Would addressing you by your mail address work ?

Handling people's name is I think the bane of our field, and leads to many of the awful choices like forcing fields with a first and last name for instance, or requesting people's gender to properly set the Mr and Mrs. As a dev I'm not happy about it, as a user I hate it, I'm not sure the majority of people are happy either with the current state of things.

Accepting that it's a machine sending the mail could simplify all of this quite a bit, provided people are fine by being addressed in an impersonal and inorganic way.

If you mean snail mail address, no it wouldn't. It's common to share these between people who have the same last (or sometimes first) names. Things get really fun when it's. both, e.g. a man marrying somebody who has the same first name as their sister. This actually happened in my (distant) family.

If you mean an email (or the part before the @), also no. People sometimes sign up from addresses like contact@example.com, and "dear contact" would be super confusing.

The "right thing to do" is to have a "what should we call you" field, which should be completely separate from any names collected for legal purposes, if any.

  • > If you mean an email (or the part before the @), also no. People sometimes sign up from addresses like contact@example.com, and "dear contact" would be super confusing.

    I was going for the principle that we're not trying to mimic human emotions when it's a mail to remind you to accept the latest TOS.

    So, no "Dear", no trying to come up with something socially acceptable, just plain "miki123211@hn.xx, please review our newest Terms and Services at https://....../...."

    The "what should we call you" field sounds attractive, but would be ripe for abuse IMHO. Not on technical terms, but users would definitely play with it to have you send "Mrs DeepshitFuckHorse please confirm your email at...." to random addresses for instance, or any other vector that we're not thinking about right now.

    • Earlier everything was based on 'handles' and using them was fine and expected.. As networks adopt everyone and become used for formal things it's gotten more complicated to integrate rules of different systems.

      I've started to prefer messages that just start with "Hello,".

    • This is already plenty common with names.

      I tend to use fuck/off as name/surname for completely throwaway accounts, and "dear mr. Fuck" is something I received once.

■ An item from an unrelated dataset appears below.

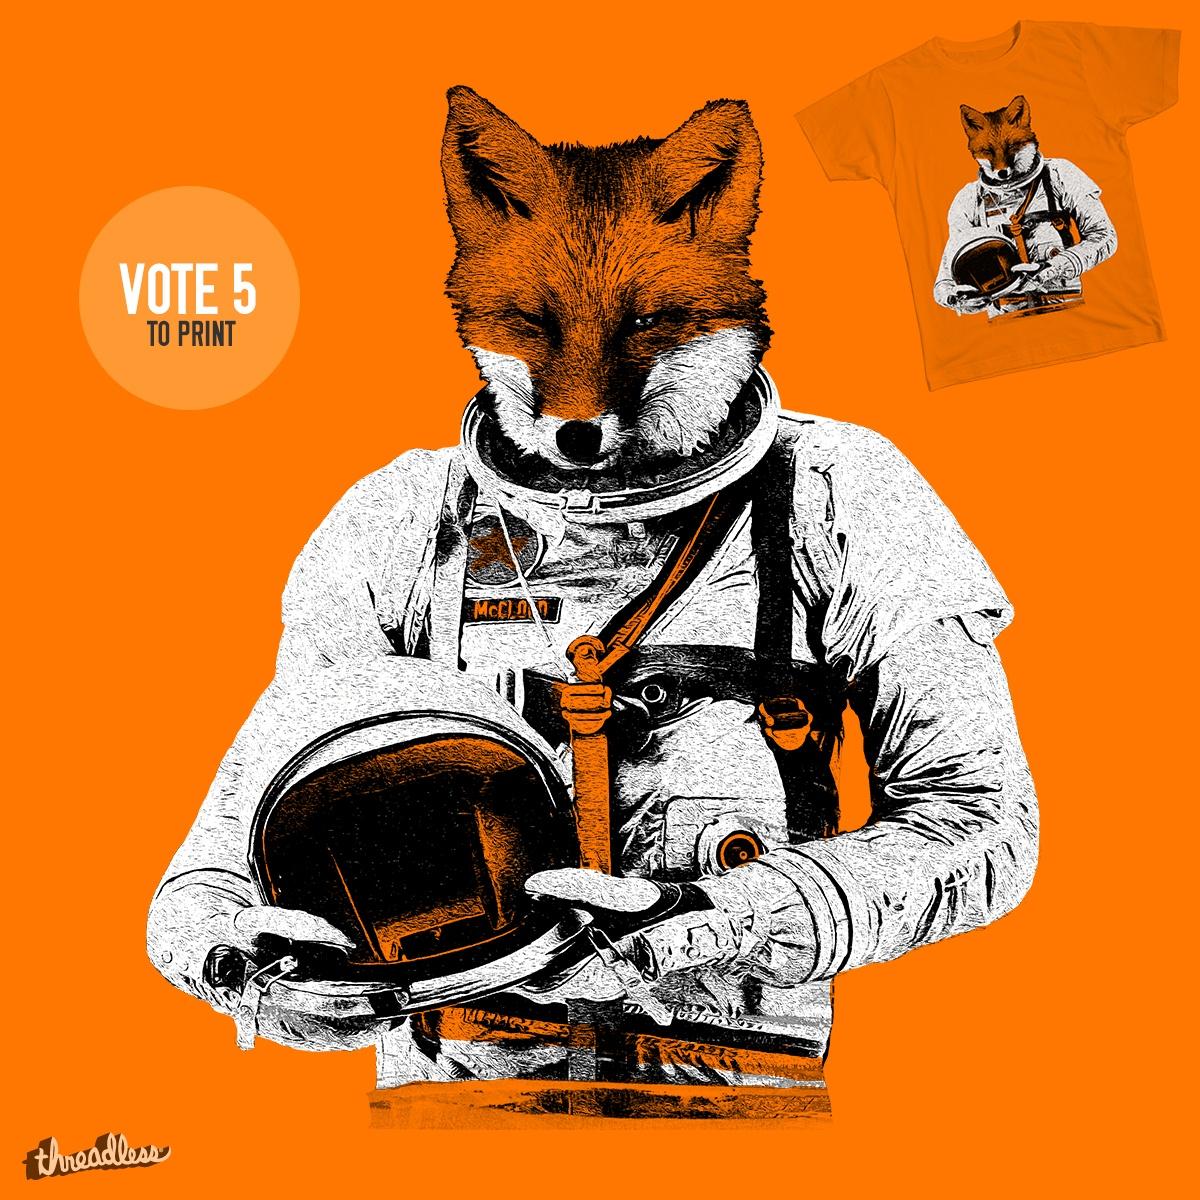 The Fastest Fox by Thomas Orrow on Threadless

When I was in university, a friend of mine used to address me by my unix username.

  • Only one?

    You got off light. I had a good number of people call me by my username at my undergrad.

    When I went to grad school, they let us select user ids. My user name matched my first name, most elegant solution to that problem yet ;)

  • This rules and your friend is awesome

    • It's not unusual for people to use the name they know you by. In high school, there was someone who addressed me as Ix, the name I used in multiplayer Duke Nukem. He didn't know my name.

      There are several people I know primarily through wechat, where it's almost always unnecessary to address people by name because messages have only one recipient. Sometimes this has led to conversations like this:

      > What should I call you? 颖?

      > OK.

      [I was not especially reassured by that response.]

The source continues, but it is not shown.